In a perfect tetrahedral molecule there is a central atom attached to four other atoms which lie on the vertices of a perfect tetrahedron. If the central atom is at the coordinate origin and the molecule rests on the plane $z=-h$ then what would be the coordinates of the other atoms, assuming a bond length of $1$ unit? Find the scalar products between the vectors joining the origin to each atom and hence the value of $h$. It is usually stated that the angles each of these bonds make is $109.5^\circ$; however, this is only an approximation. What is the exact value of the bond angle in a perfect tetrahedron? If the perfect tetrahedron is deformed slightly, how many of the bond angles could be exactly $109.5^\circ$? How would it be deformed to achieve this? Would the other bond angles increase or decrease under such a deformation?

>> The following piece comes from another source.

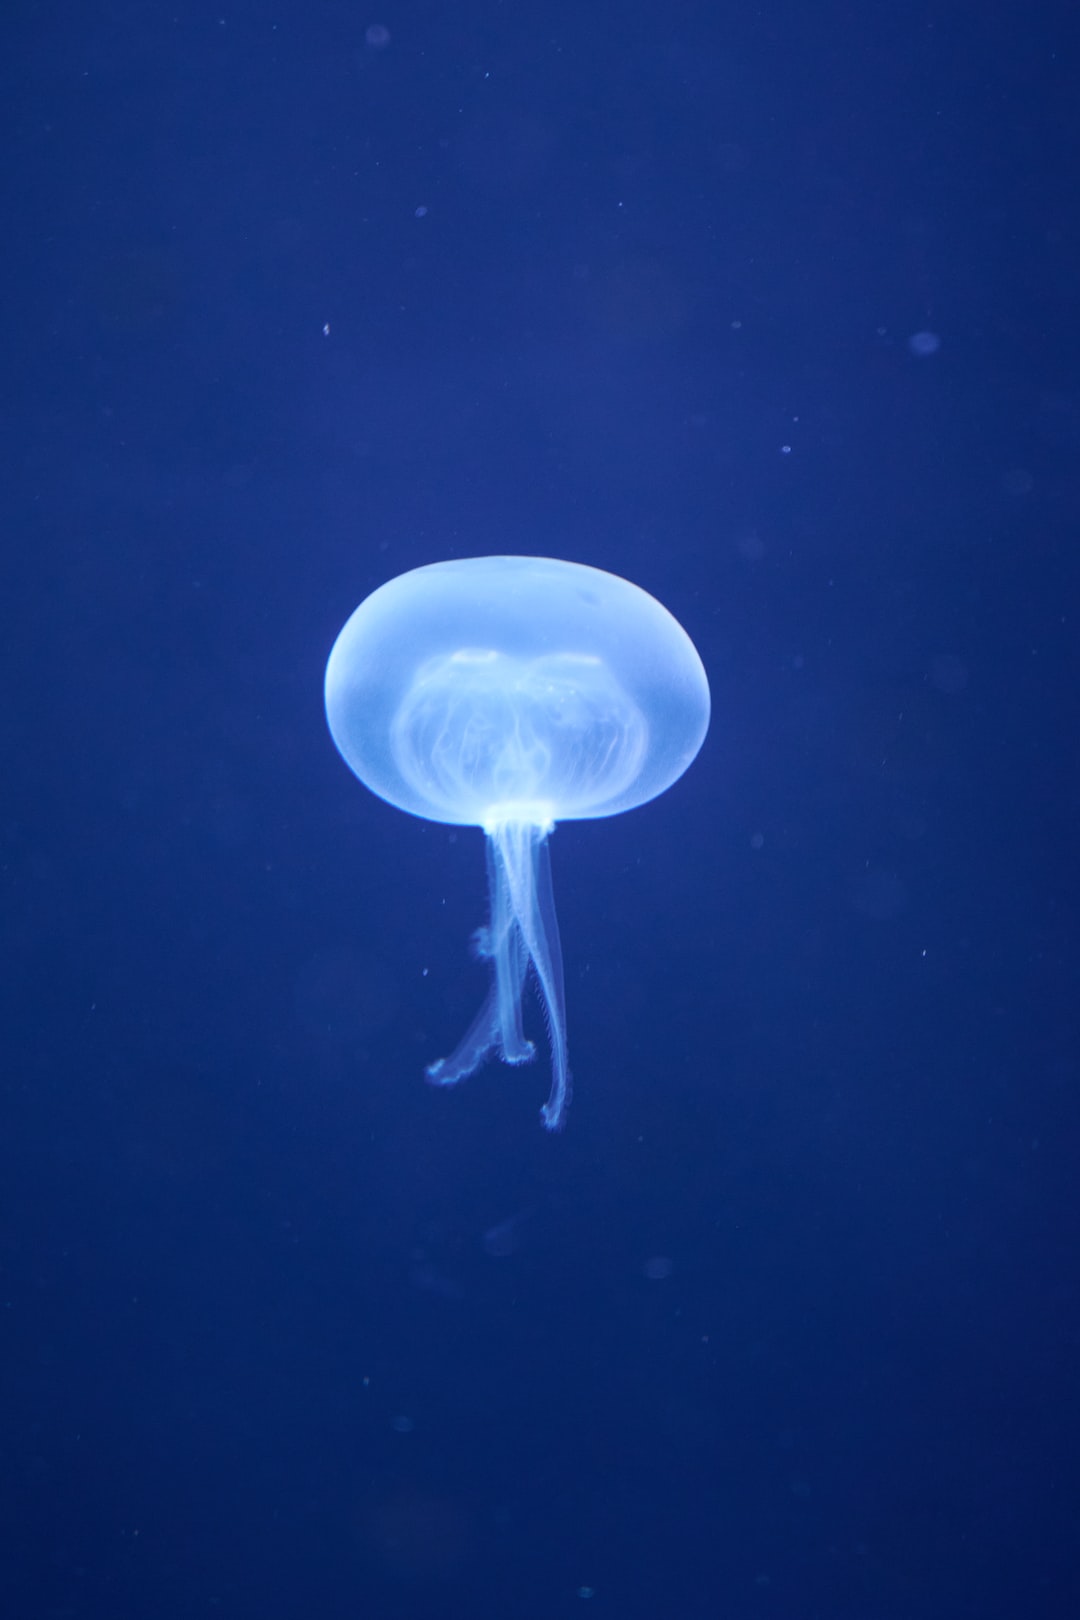 22 Aussergewöhnliche Fakten zu Full Spectrum Aquarium Light
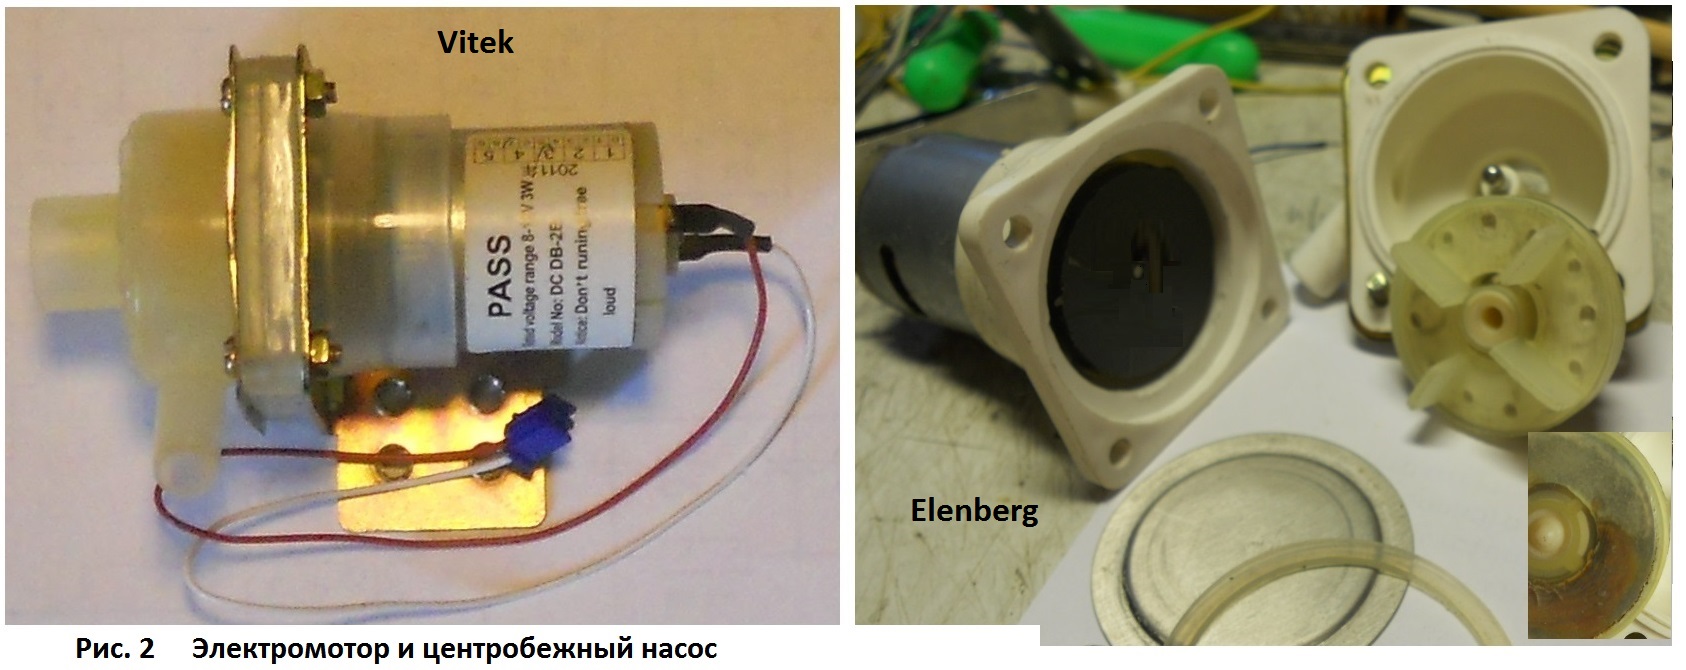 Схемы и ремонт электрочайников — термопотов

A perfect trigonal pyramidal molecule is the same as a perfect tetrahedral molecule with a single outer atom removed. Ammonia NH$_3$ is approximately a trigonal pyramid with bond angle $107.5$. Does this correspond to a lengthening or shortening of the bonds relative to a perfect structure? By what percentage? If the H atoms were fixed and a vertical force were applied downwards to the N atom in the diagram, would the bond angles increase or decrease? What would be the maximum possible angle mathematically?